> [TASK PROMPT]:
Set down, unchanged, the line holding "JACK MILL MACHINE" and all lines that follow it to the end of the material, leaving pictures out.

> [DATA]:
________________

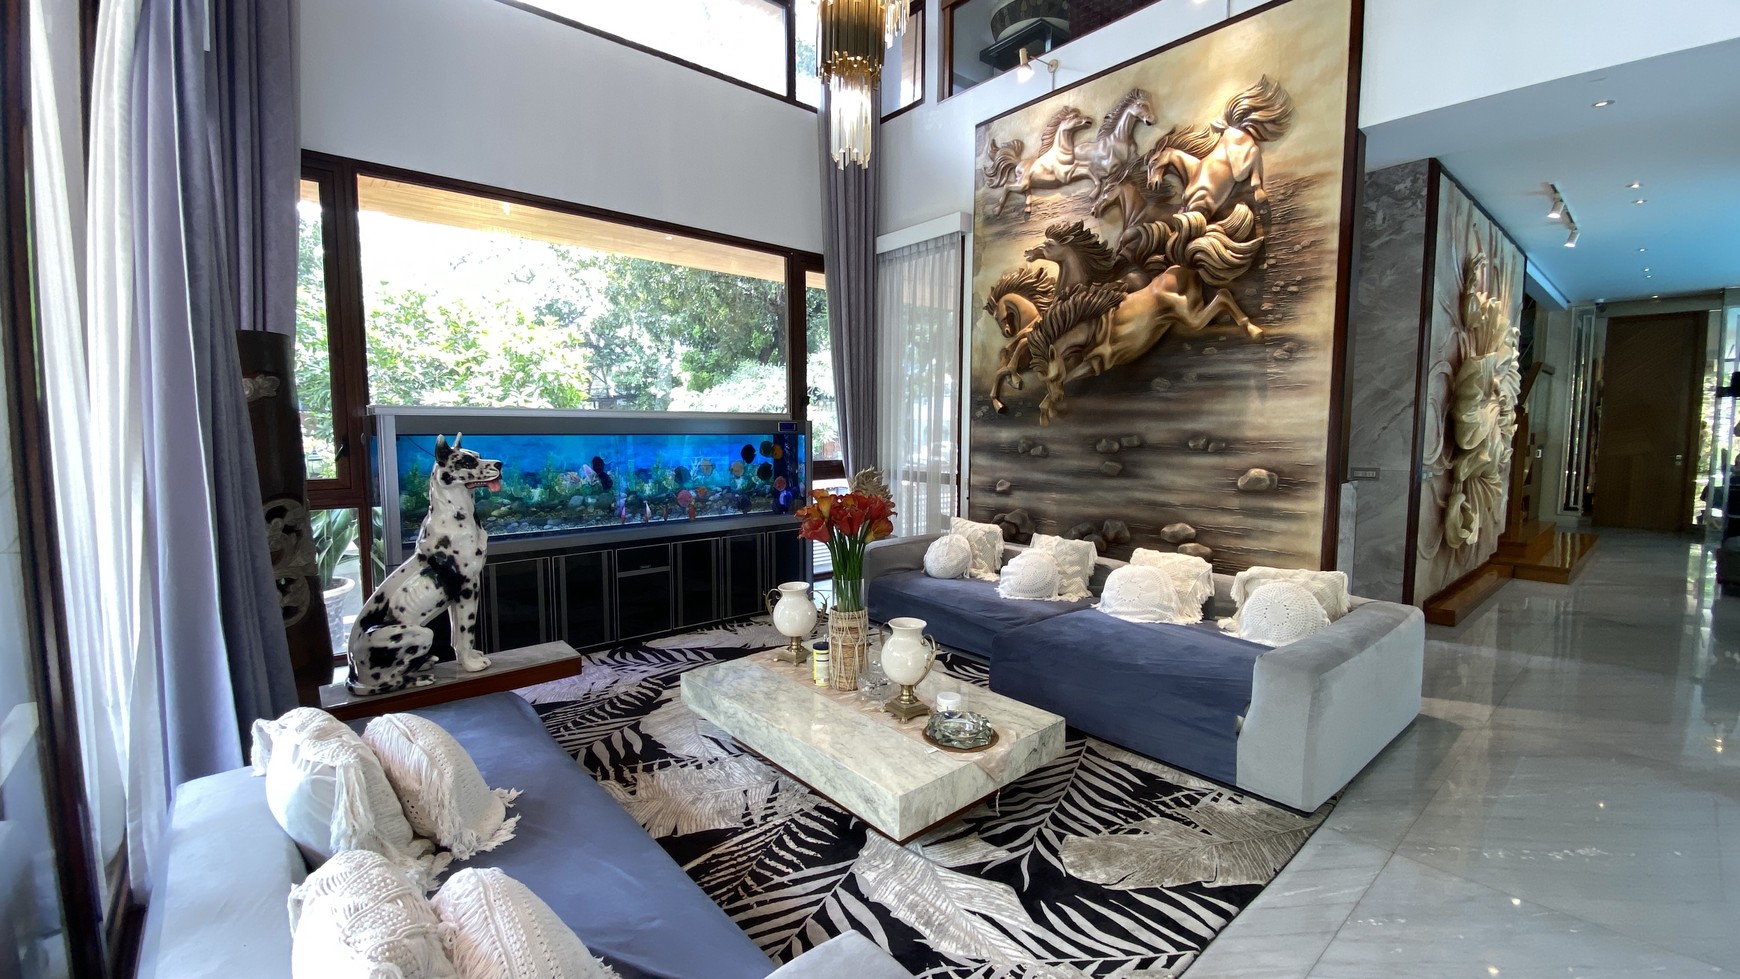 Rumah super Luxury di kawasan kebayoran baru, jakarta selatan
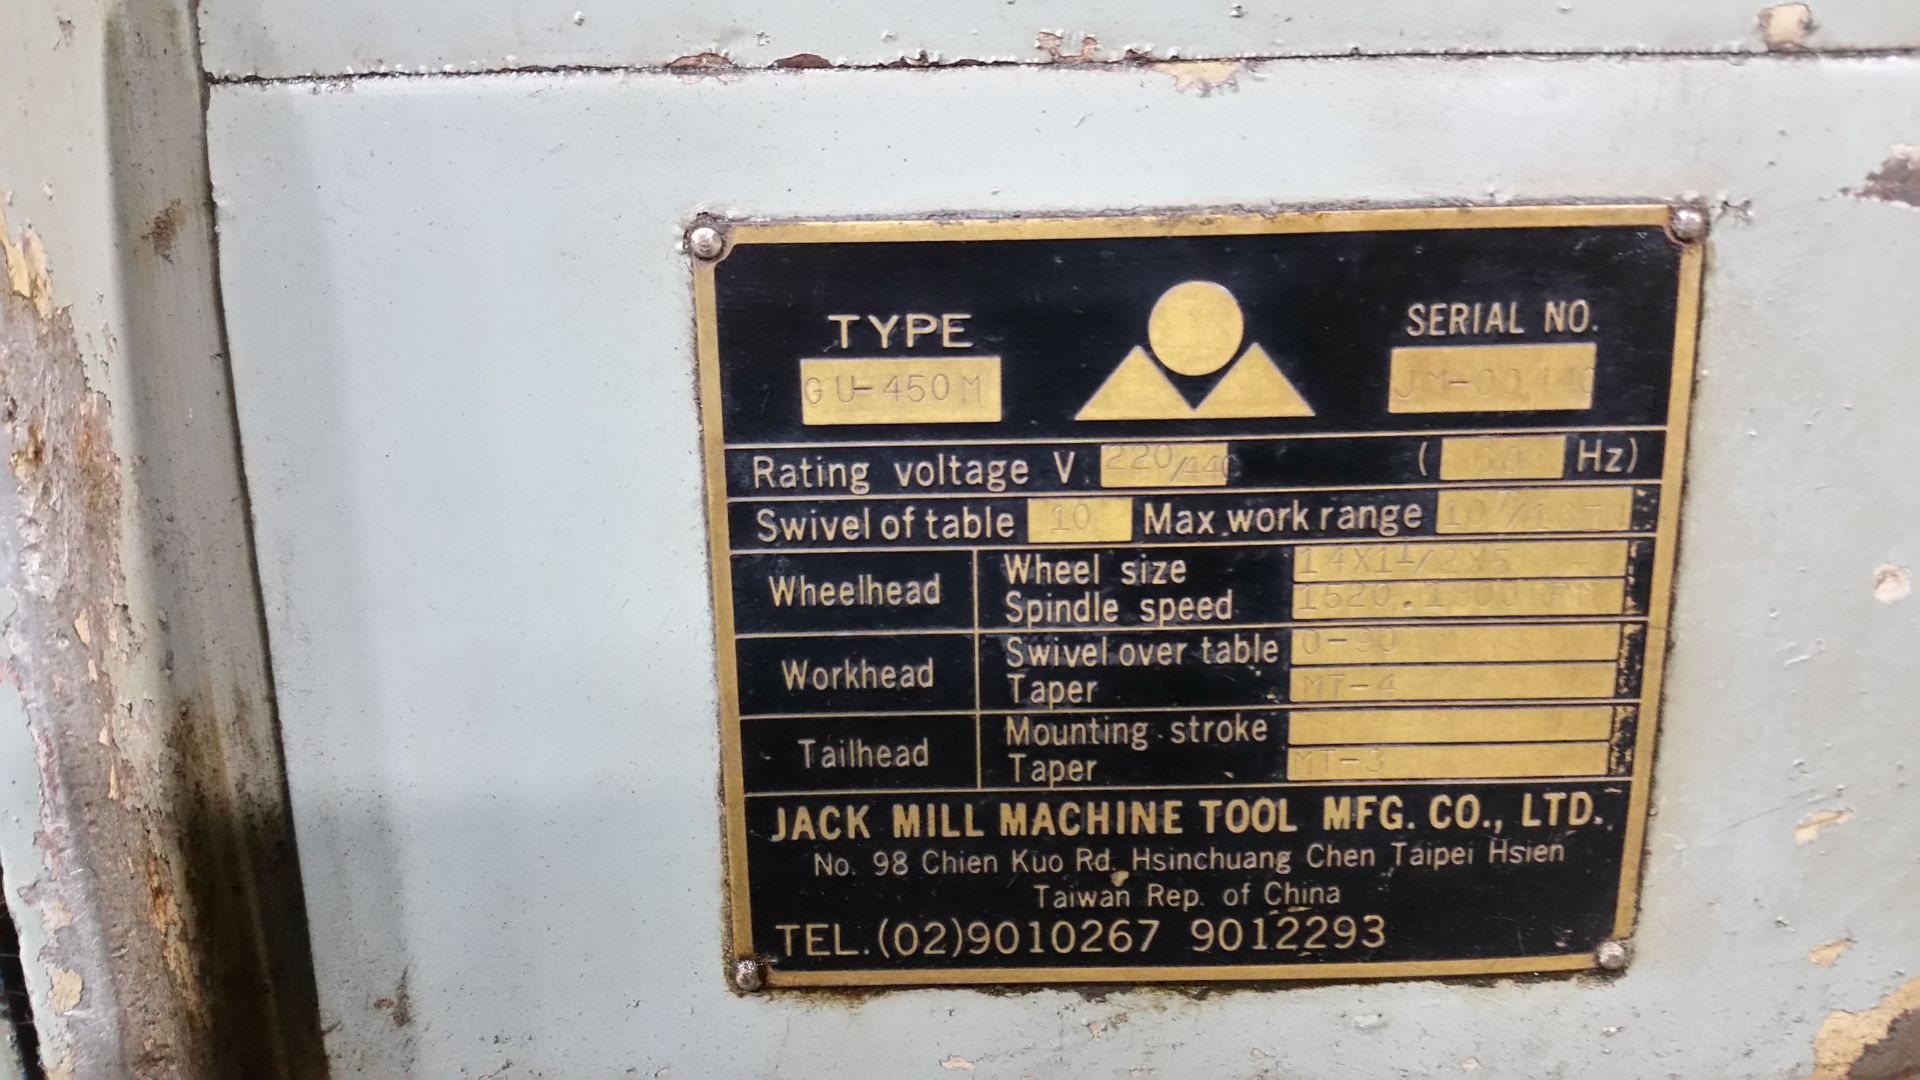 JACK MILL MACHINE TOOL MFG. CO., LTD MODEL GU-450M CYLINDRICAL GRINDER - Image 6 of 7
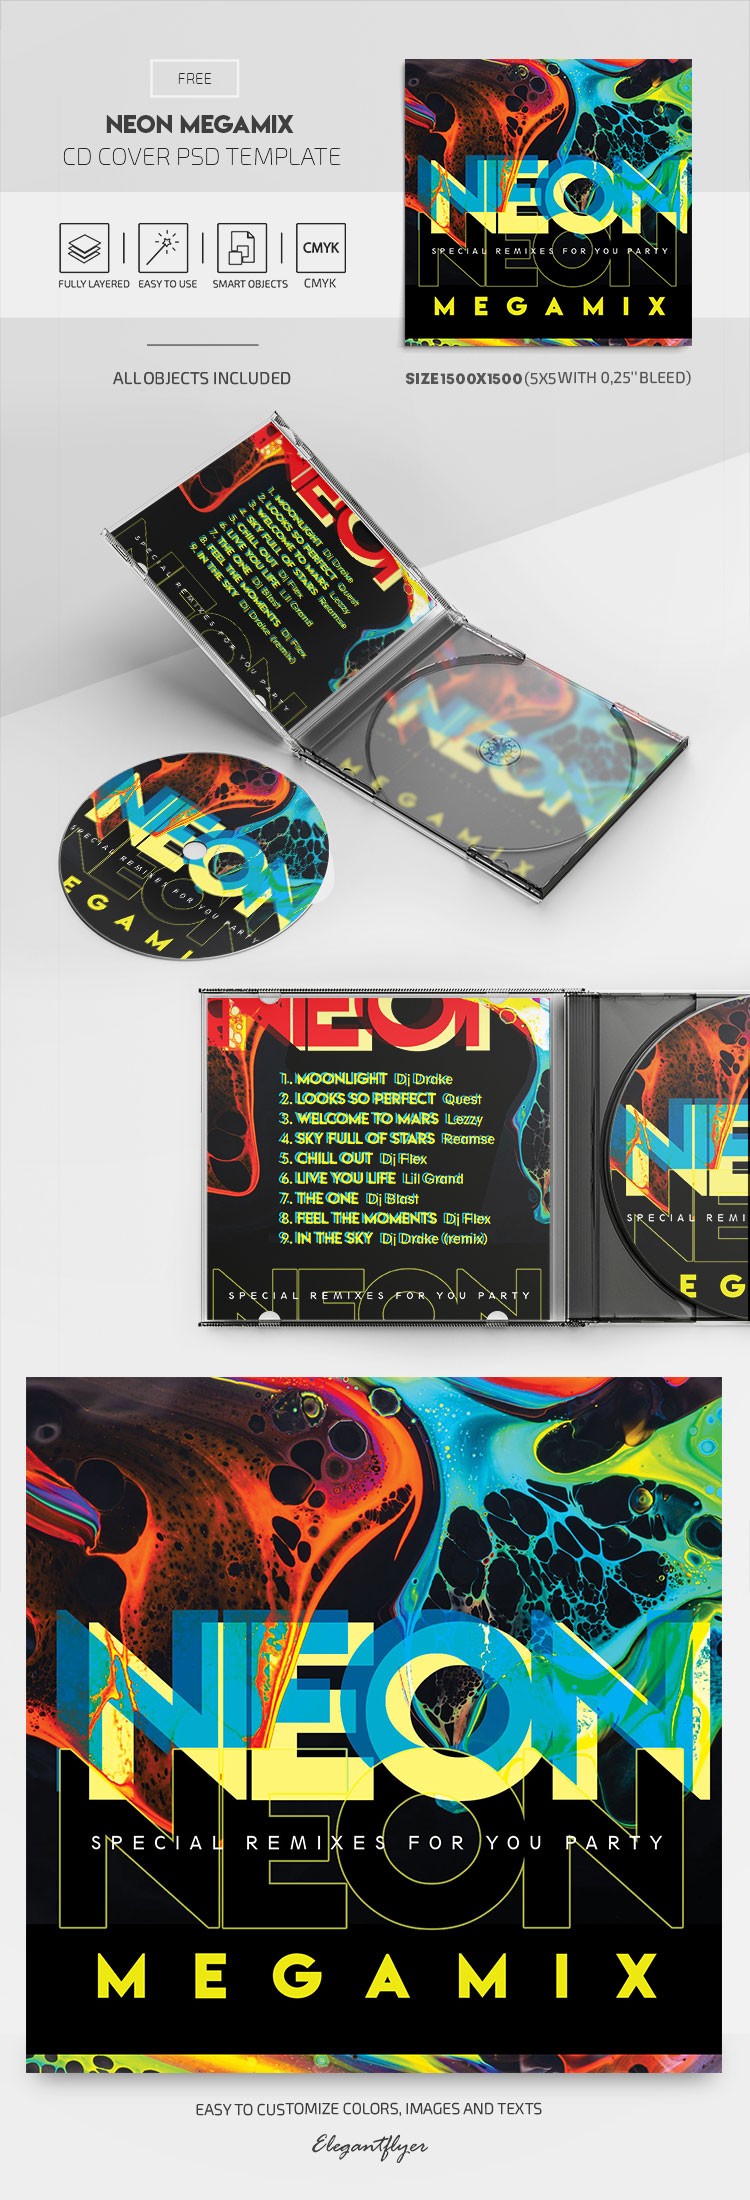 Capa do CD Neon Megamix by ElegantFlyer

________________

> [RESULT FOR THIS TASK]:
 JACK MILL MACHINE TOOL MFG. CO., LTD MODEL GU-450M CYLINDRICAL GRINDER - Image 6 of 7
 Capa do CD Neon Megamix by ElegantFlyer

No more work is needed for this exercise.